We offered radio-frequency identification (RFID)-tagged T. albipennis colonies the choice between a nearby poor-quality nest, and a more distant high-quality nest. RFID readers monitored the visits of ants to the new nests and identified ants performing recruiting tandem runs (figure 1). We tested three mechanisms that could be used in nest choice: recruitment latency; direct comparison; and a threshold rule. To test whether recruitment latency could be contributing to nest choice, we measured whether there were still nest-quality-dependent differences in individual recruitment latencies even at these distances. The other two mechanisms, direct comparison and the threshold rule, require some ants to switch between the two new nests. The direct comparison mechanism requires ‘informed’ switchers to visit both nests and directly compare their quality. We determined whether such informed ants returned rapidly to the better nest and whether they were more likely to recruit subsequently to this nest, to test whether direct comparison plays a role in nest choice. The third mechanism the ants could use is the threshold rule, with ‘uninformed’ switchers basing their decision, either to remain committed to one nest or to search for an alternative, only on the quality of the nest they are currently visiting. We tested whether such uninformed switchers were more likely to desert a low-quality than a high-quality nest, to test whether this mechanism could be significant in nest choice. Finally, we compared emigration dynamics between colonies that chose the high-quality far nest and those which chose the low-quality near nest, to investigate how these individual-level mechanisms influence the success of the colony decision process.

Figure 1.

Figure 1

Experimental procedure using RFID technology. (a) Temnothorax albipennis worker with RFID tag. (b) Experimental arena (18×180 cm) with original nest (destroyed at the start of the trial) and two new nests. The good nest has a red filter making the interior dark. Dashed lines indicate recording points for tandem runs (at 15 and 45 cm).

2. Material and methods

(a) Study species

Nine T. albipennis colonies were collected from the Dorset coast, England on 29 September 2007. Colonies were queenright and contained 100–200 workers and brood of all stages. Colonies were housed in artificial nests as in Franks et al. (2008) with a 2.0×1.5 mm entrance. Nests were placed into small Petri dishes with Fluon-coated walls. Colonies were provided with water ad libitum and fed weekly with honey solution and Drosophila melanogaster.

(b) RFID-tagging protocol

An RFID microtransponder (500×500×120 μm) with a unique ID was affixed to the thorax of every worker ant in each colony (Robinson et al. 2009). Ants were RFID tagged in a single session the day before a trial. The RFID reader (PharmaSeq, Inc., NJ) consisted of a laser that provided energy (35 mW) to the passive tags, and an antenna to detect the radio identification signal.
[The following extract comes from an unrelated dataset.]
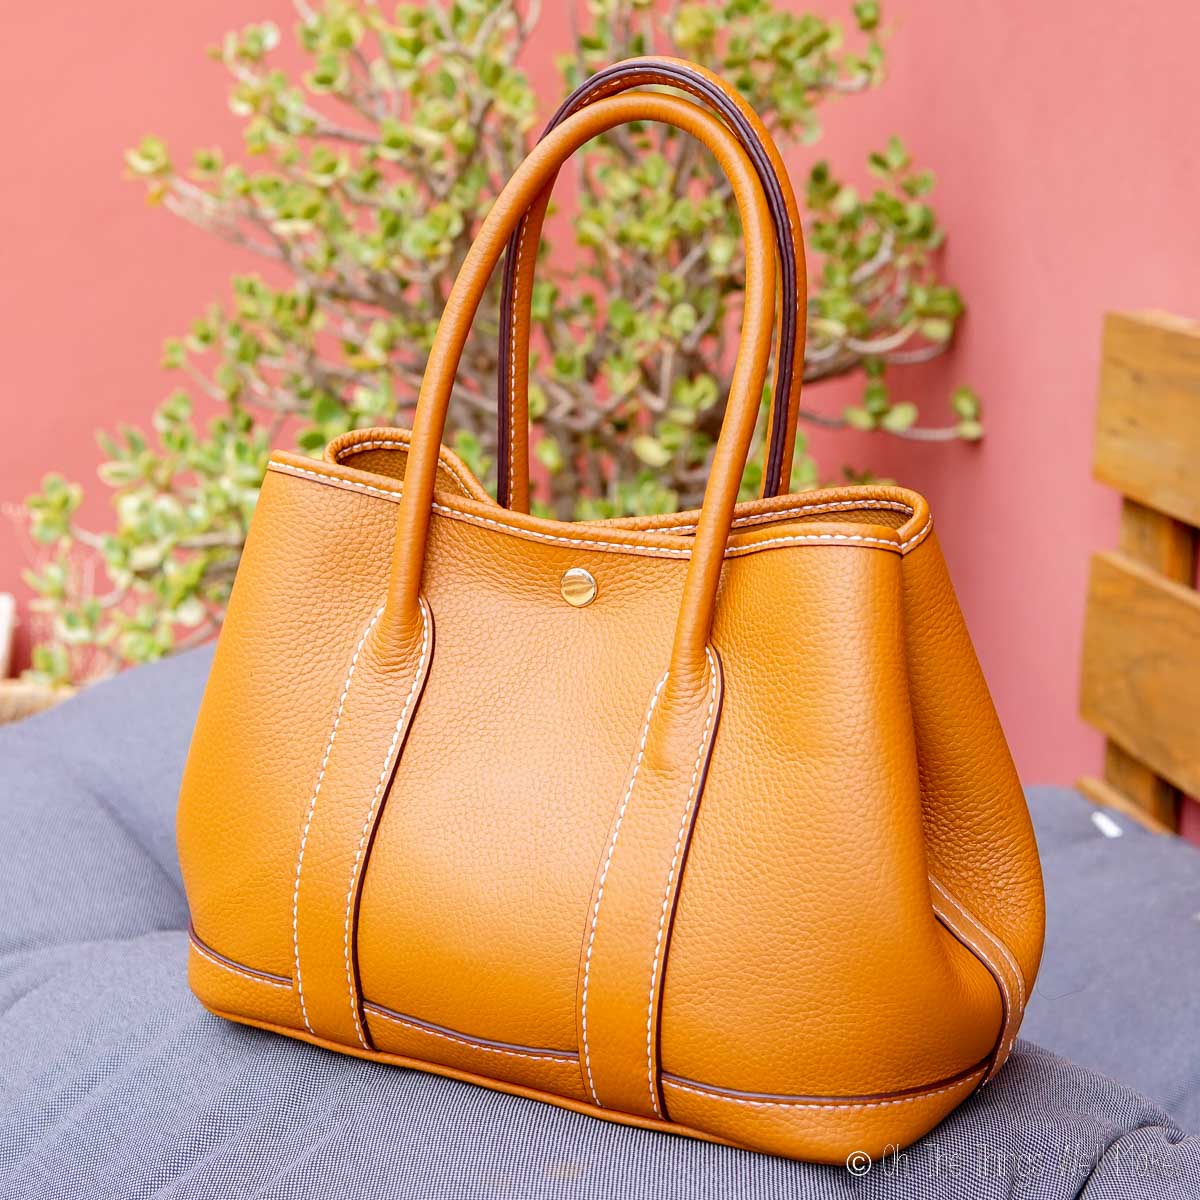 A caramel colored leather purse
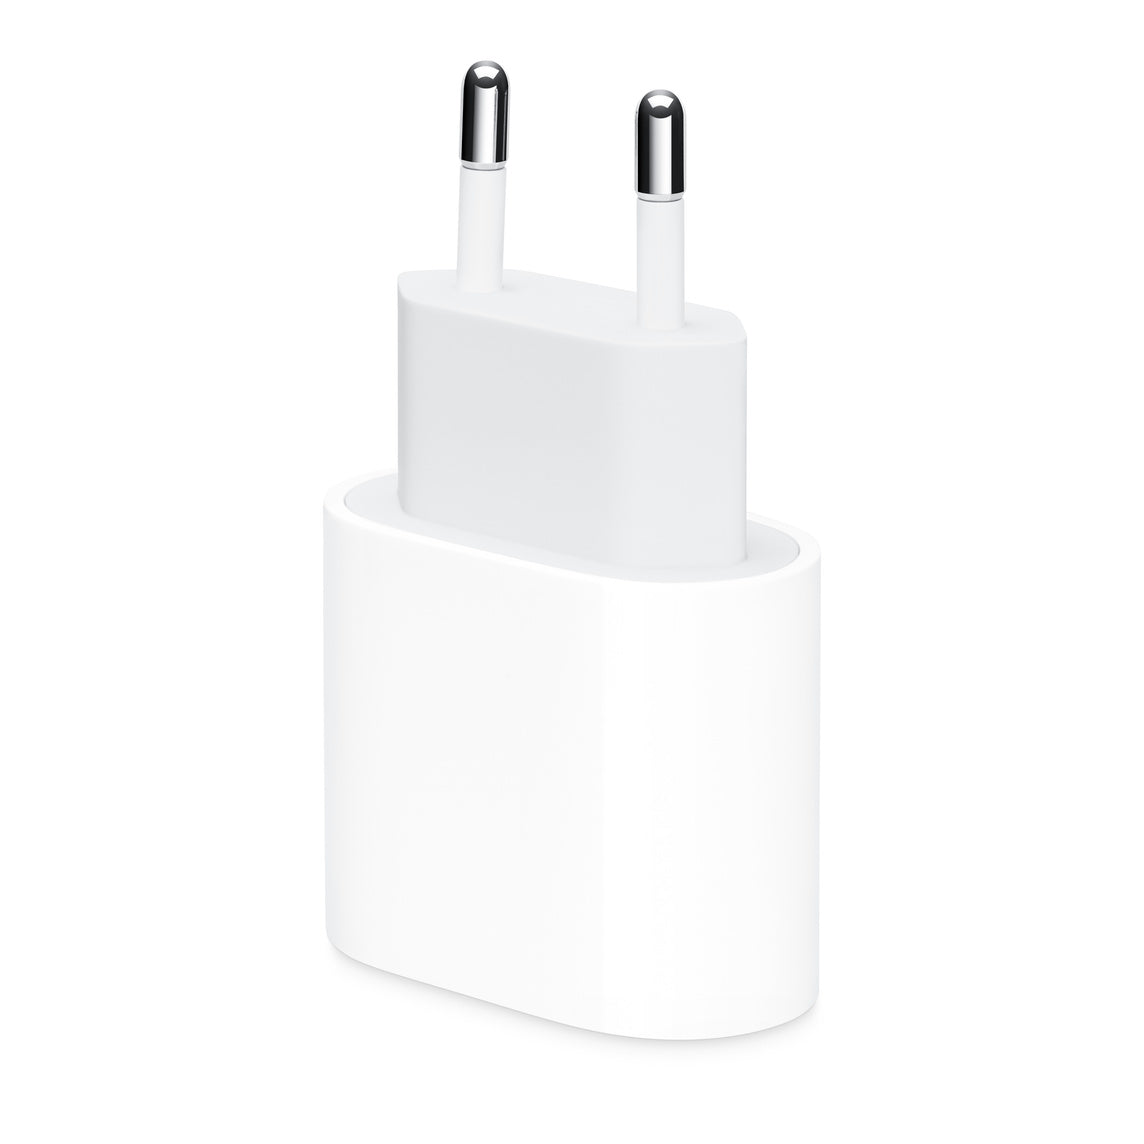 Apple USB-C 20W power adapter

The laser modulation frequency is 1 MHz and the wavelength is 690 nm (Hitachi HL6738MG). RFID tagging has no observable effects on the behaviour of the ants (Robinson et al. 2009).

(c) Emigration procedure

Trials were performed in a long arena with Fluon-coated sides, cleaned with water and alcohol between trials. Two new nests with the same dimensions as the original nest were placed in the arena (figure 1). The nearer nest had a clear acetate lid whereas the farther nest had a red filter covering the cavity area. A red filter makes the nest dark as ants do not have a red visual pigment (Briscoe & Chittka 2001); T. albipennis colonies prefer darker nests (Franks et al. 2006). Each nest had an RFID reader placed vertically over the entrance. A trial began with the original nest placed in the arena and then destroyed by removing the top microscope slide. The RFID readers detected ants entering and leaving the nests (86% tag read rate, see the electronic supplementary material) and handheld RFID readers were used to read the tags on tandem-running ants (100% tag read rate) as they crossed half-way lines (figure 1). The identity of the leader and follower in the tandem run was thus recorded and the direction of the tandem run was noted. This procedure did not disrupt tandem runs. Emigrations were observed until complete, or for the first 5 hours if emigration was still incomplete. During observations, the time at which the transport of a nest-mate or a brood item first occurred to each nest was recorded. RFID readers over the nest entrances logged data for 24 hours, after which the nest choice of the colony was recorded. Colonies were considered to have split if brood was present in both nests. Nine trials were performed, each with a new colony.

(d) Analysis

To test whether our colonies actively chose the good nest, even though it was further away, we compared our results to a control carried out prior to this experiment that used the same nine colonies and six additional colonies in an identical experimental set-up, but with both the near and the far nest covered with red filters, making them of equal (high) quality (full methods and results in Franks et al. 2008). The Freeman–Halton extension of the Fisher's exact probability test was used to compare colony-level nest choice to these control results (Freeman & Halton 1951). Recruitment latency was defined as the time from when an ant first enters a nest to when the same ant leads a tandem run to that nest, minus travel time (details in the electronic supplementary material). The generalized linear mixed model (GLMM) on switching included all ants that made at least two nest visits in total during the pre-decision period without following a tandem run. Ants either switched to visiting the other nest, or continued to visit the same nest. The model used a binomial error structure with quality of first nest visited and first nest discovery time as fixed factors and colony as a random factor. Non-significant interactions were omitted from the final model. For the comparison of travel times to the better nest, the travel times (near nest to far nest) of ants which made independent visits (not following tandem run) to the far nest, then the near nest, then returned to the far nest were compared with the ants that simply made independent visits to the near nest and then the far nest. GLMMs were performed in R (R v. 2.4.1 2006, R Foundation for Statistical Computing); all other statistics were performed in Minitab (Release v. 14.20 2005 Minitab, Inc.).

3. Results

Four of nine colonies chose the far (good) nest, three chose the near (poor) nest and two colonies split between far and near nests. A control using far and near nests of equal quality previously found that 14 out of 15 colonies chose the near nest and none split (Franks et al. 2008). Our results differ significantly from this control (Fisher's exact probability test, p<0.001) showing that some of our colonies actively chose the good nest, even though it was further away.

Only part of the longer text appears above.